The amount of friction is controlled by the damping coefficient. If its value is high, atoms will experience too much unnatural friction, however if the coefficient is too low, your system will fluctuate too far away from the desired temperature. The default value is usually 1/ps.

4. Extended system thermostats

Nosé-Hoover thermostat

The extended system method originally introduced by Nose and subsequently developed by Hoover. The idea is to consider the heat bath as an integral part of the system by addition of an artificial variable associated with a fictional “heat bath mass” to the equations of motion. An important feature of this method is that the temperature can be controlled without involving random numbers. Thus correlated motions are not impaired and this method describes kinetics and diffusion properties better. Because the time-evolution of the added variable is described by a second-order equation, heat may flow in and out of the system in an oscillatory fashion, leading to nearly periodic temperature fluctuations with the frequency proportional to the “heat bath mass”. Nose-1984, Hoover-1985.

The drawback of this thermostat is that it was shown to impart the canonical distribution as well as ergodicity (space-filling) of the thermostatted system.

Drawbacks:

The time constant parameter in this thermostat controls the period of temperature fluctuations at equilibrium.

Nosé-Hoover-chains

A modification of the Nosé-Hoover thermostat which includes not a single thermostat variable but a chain of variables. Martyna-1992. Nose-Hoover thermostat with one variable does not guarantee ergodicity, especially for small or stiff systems.(In an ergodic moving system any point, will eventually visit all parts of the space it moves in, in a uniform and random manner). Chaining variables behaves better for small or stiff cases, however an infinite chain is required to completely correct these issues.

Global and local thermostats

Global thermostats control temperature of all atom in a system uniformly.
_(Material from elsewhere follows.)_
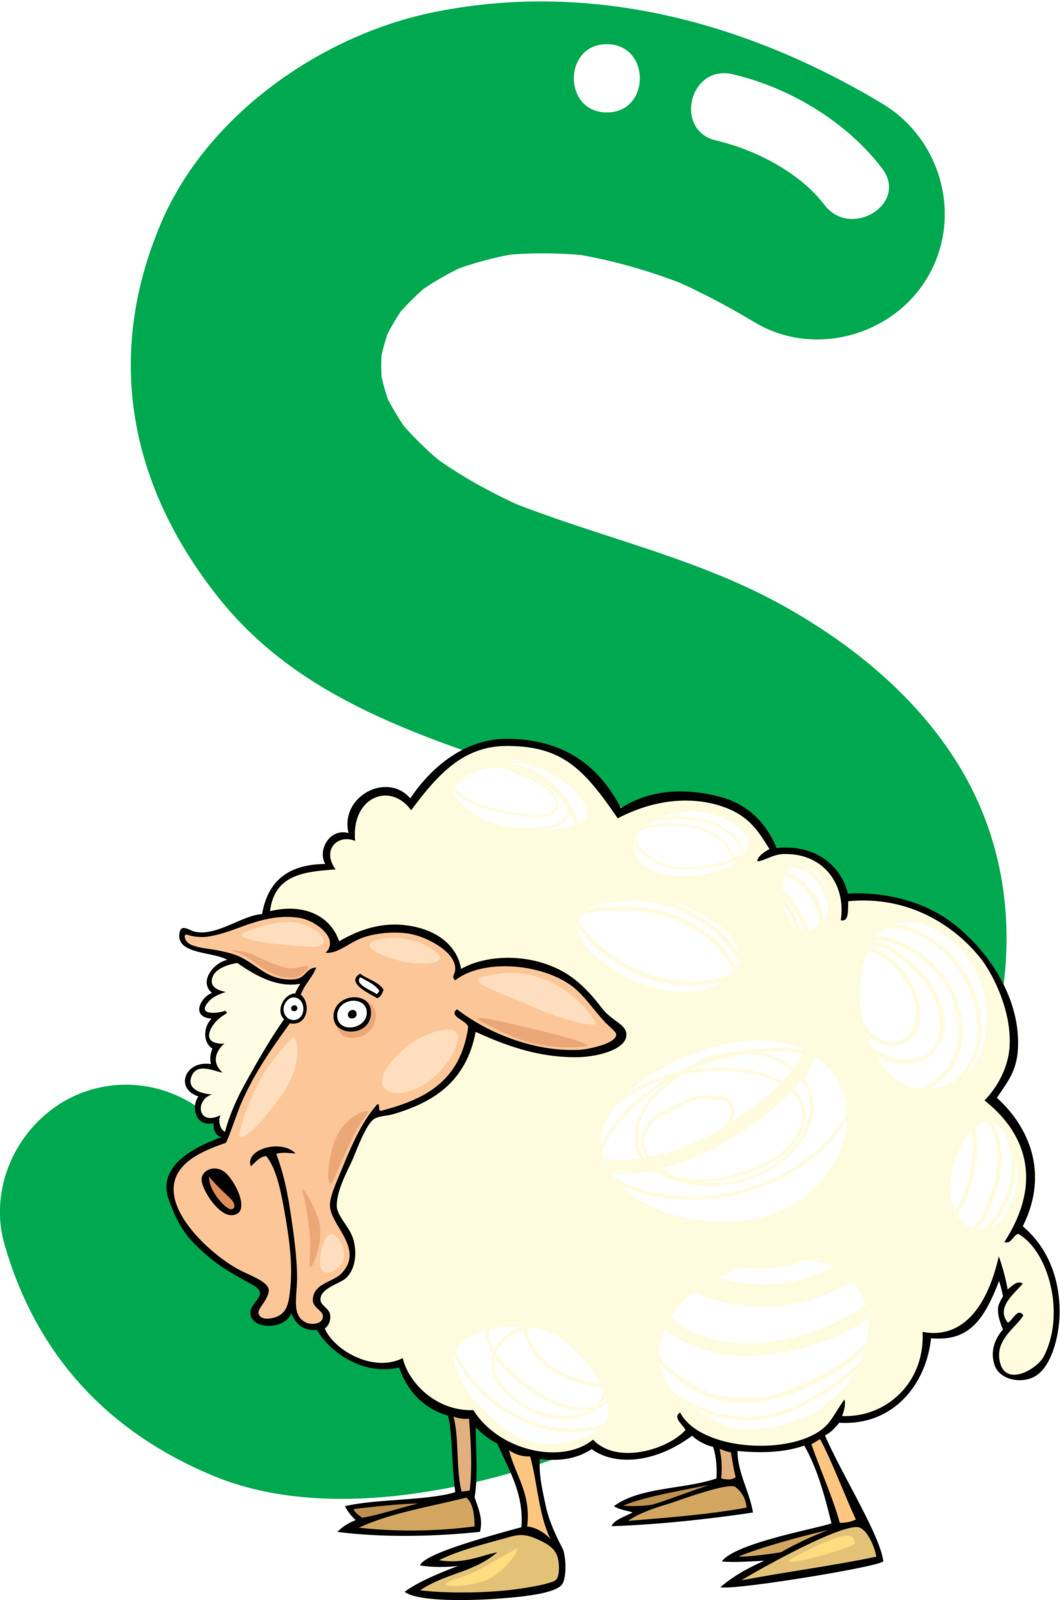 cartoon illustration of S letter for sheep

This may lead to cold solute and hot solvent due to a slow heat transfer.

With local thermostats it is possible to control temperature in selected groups of atoms independently. This works well for large solutes, but if solute is small this approach may result in large fluctuations and hence unphysical dynamics.

Specifying local thermostats

With NAMD it is possible to set coupling coefficients for each atom in occupancy or beta column of a pdb file:

langevinFile
langevinCol

tCoupleFile
tCoupleFCol

In GROMACS temperature of a selected groups of atoms can be controlled independently using tc-grps. Temperature coupling groups are coupled separately to temperature bath.
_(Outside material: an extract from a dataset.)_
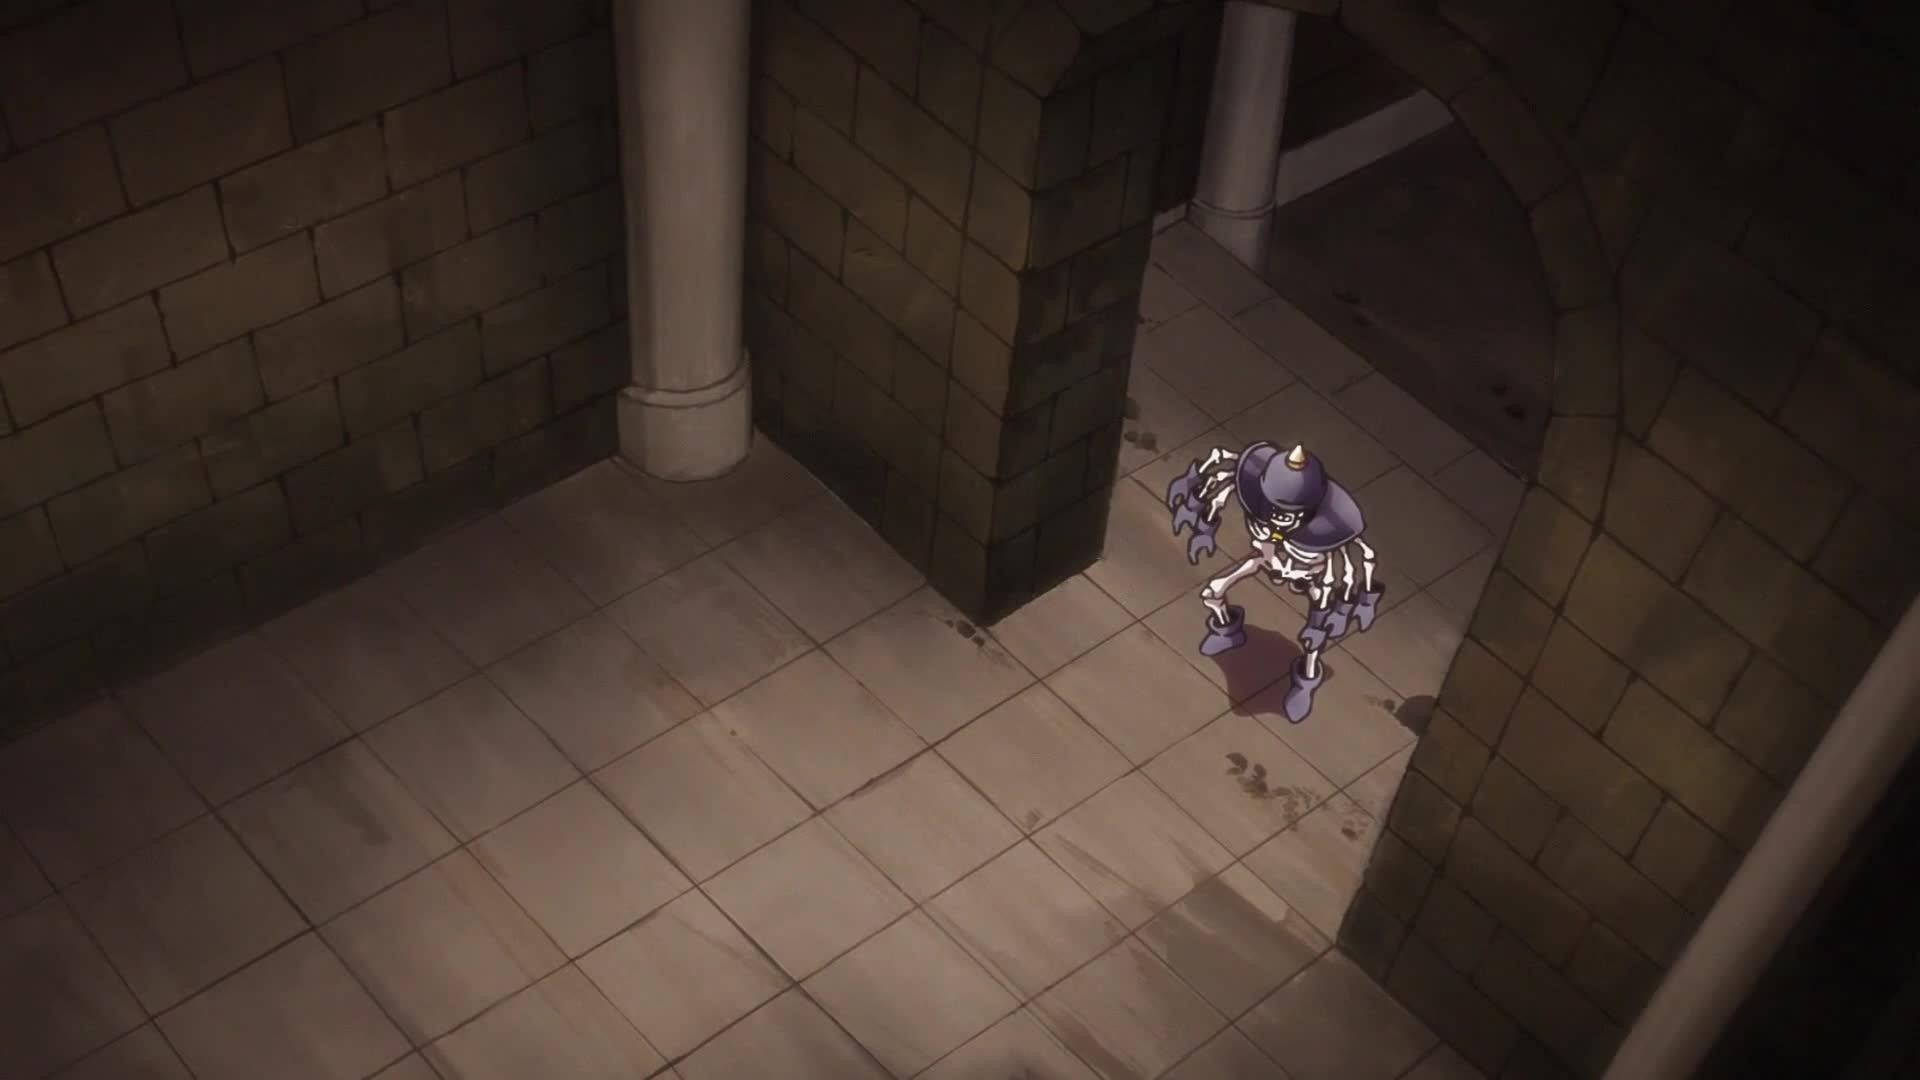 Dragon Quest: Dai no Daibouken (2020) - Ep. 13 - SubsPlease

Selecting thermostats in molecular dynamics packages

Thermostat/MD package GROMACS NAMD AMBER
velocity rescaling   reascaleFreq (steps)  
velocity reassignment   reassignFreq (steps)  
Andersen tcoupl = andersen    
massive-Andersen tcoupl = andersen-massive   ntt = 2
Lowe-Andersen   loweAndersen on  
Berendsen tcoupl = berendsen tCouple on ntt = 1
Langevin   langevin on ntt = 3
Bussi tcoupl = V-rescale stochRescale on  
Nose-Hoover tcoupl = nose-hoover    
Nose-Hoover-chains nh-chain-length (default 10)    

Key Points

  • On the molecular level, temperature manifests itself as a number of particles having a certain average kinetic energy.

  • Thermodynamic ensembles are … FIXME

  • Some temperature control algorithms (e.g. the Berendsen thermostat) fail to produce kinetic energy distributions that represent a correct thermodynamic ensemble.

  • Other thermostats, like Nosé-Hoover, produce correct thermodynamic ensembles but can take long to converge.

  • Even though the the Berendsen thermostat fails to produce correct thermodynamic ensembles, it can be useful for system relaxation as it is robust and converges fast.